RAW DATA
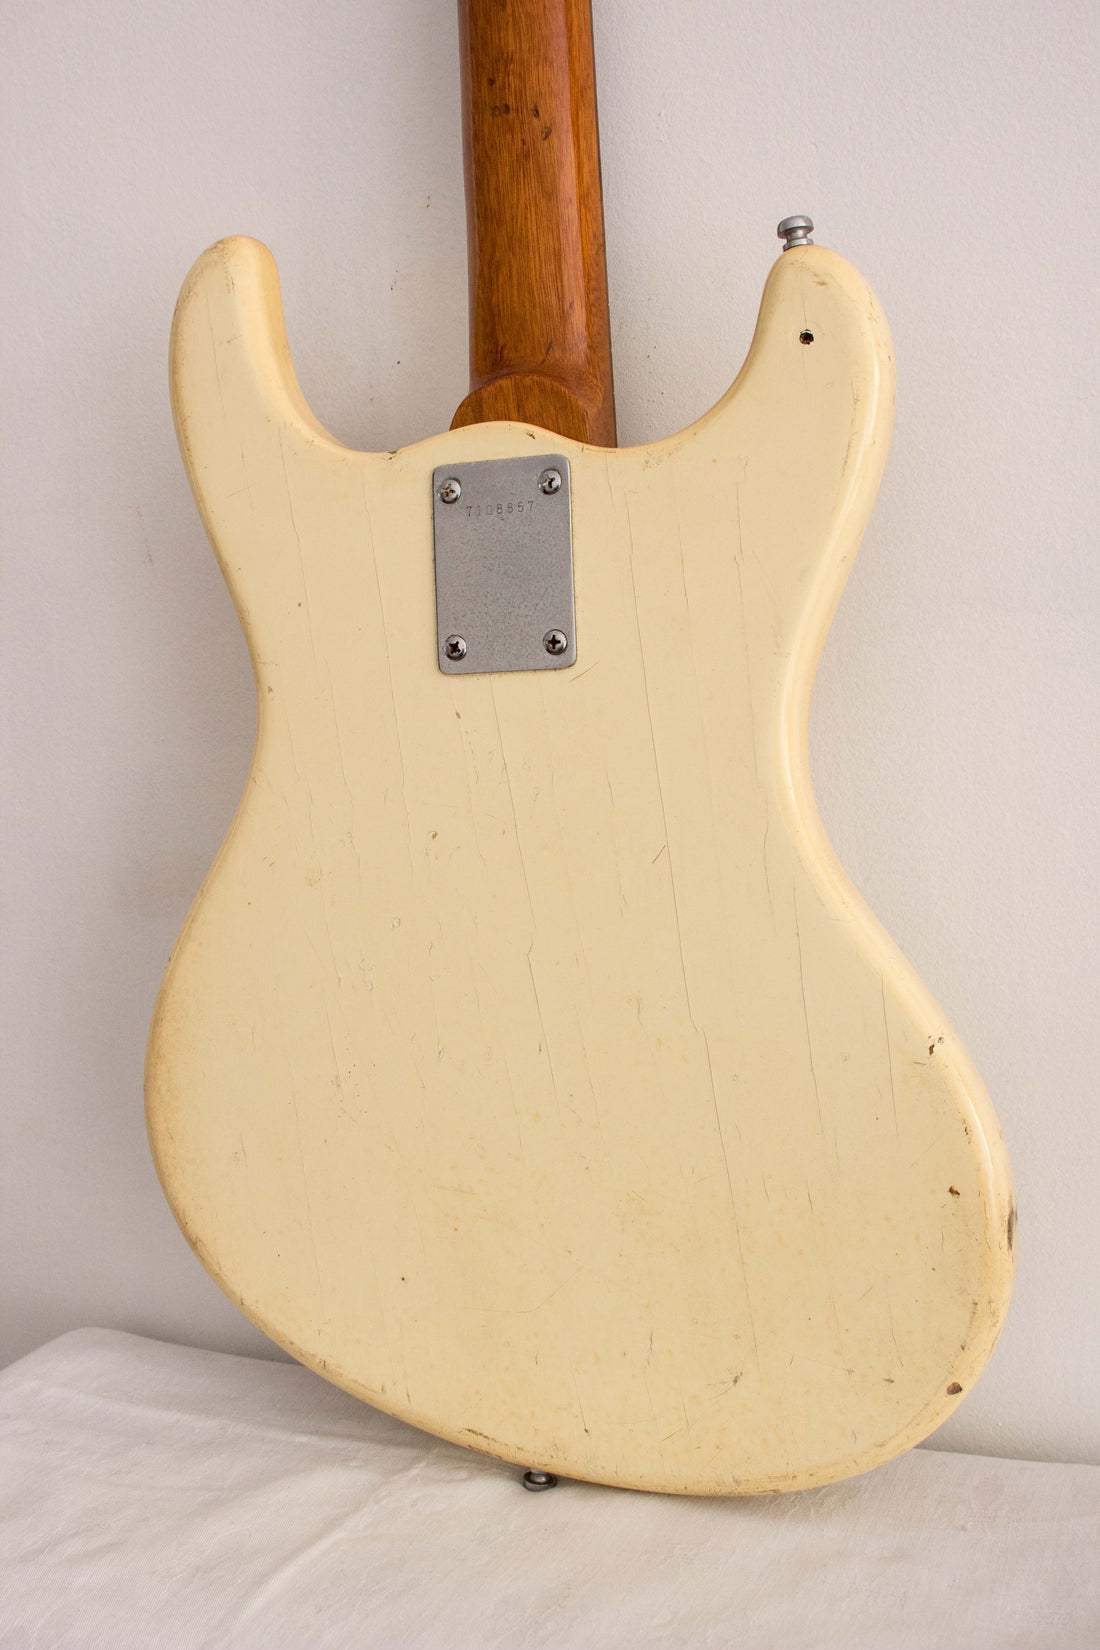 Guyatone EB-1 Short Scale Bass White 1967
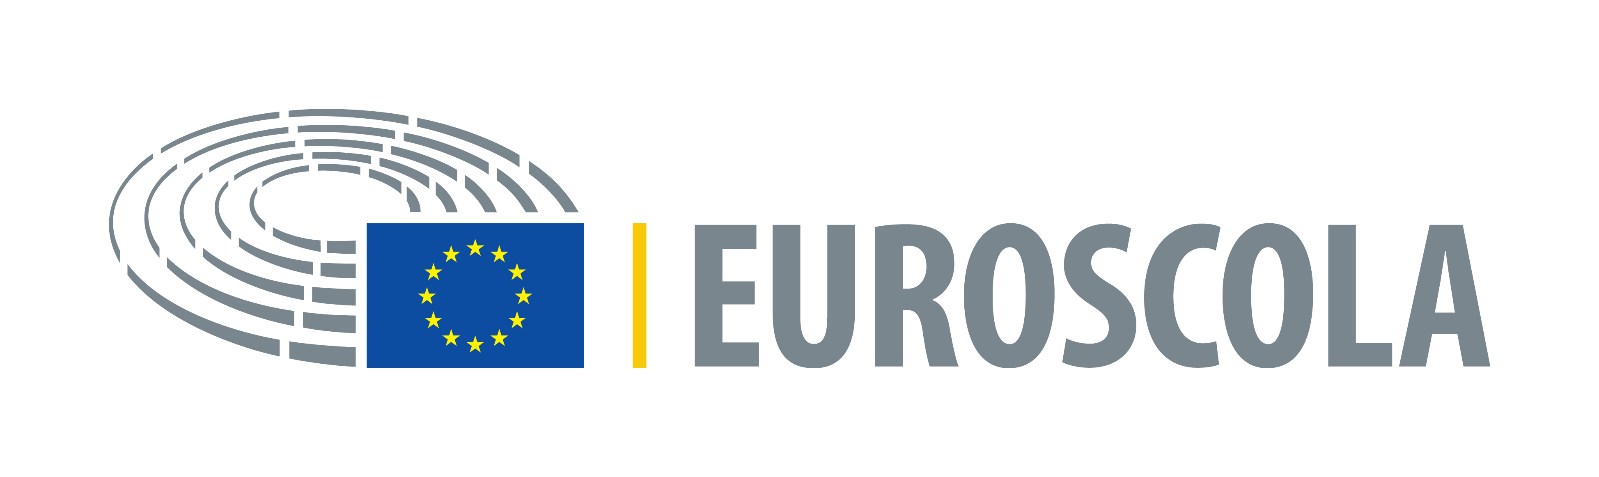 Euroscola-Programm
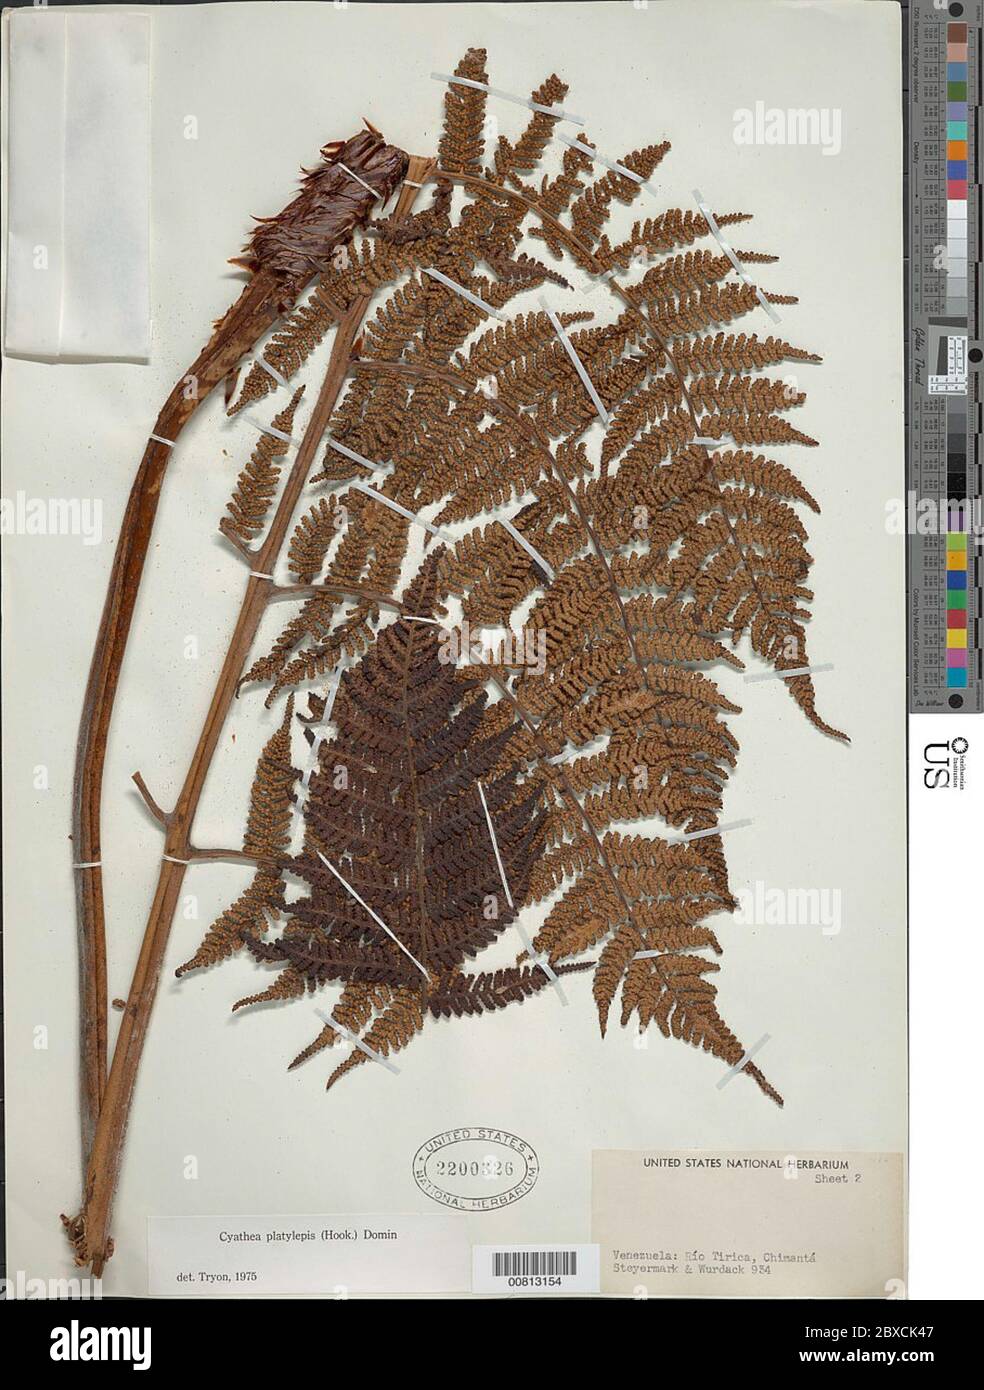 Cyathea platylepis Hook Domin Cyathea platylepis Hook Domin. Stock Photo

WHAT YOU HAVE TO DO
Each line of the data above needs to be retyped as it is, without any picture.

PROBLEM SOLUTION
 Guyatone EB-1 Short Scale Bass White 1967
 Euroscola-Programm
 Cyathea platylepis Hook Domin Cyathea platylepis Hook Domin. Stock Photo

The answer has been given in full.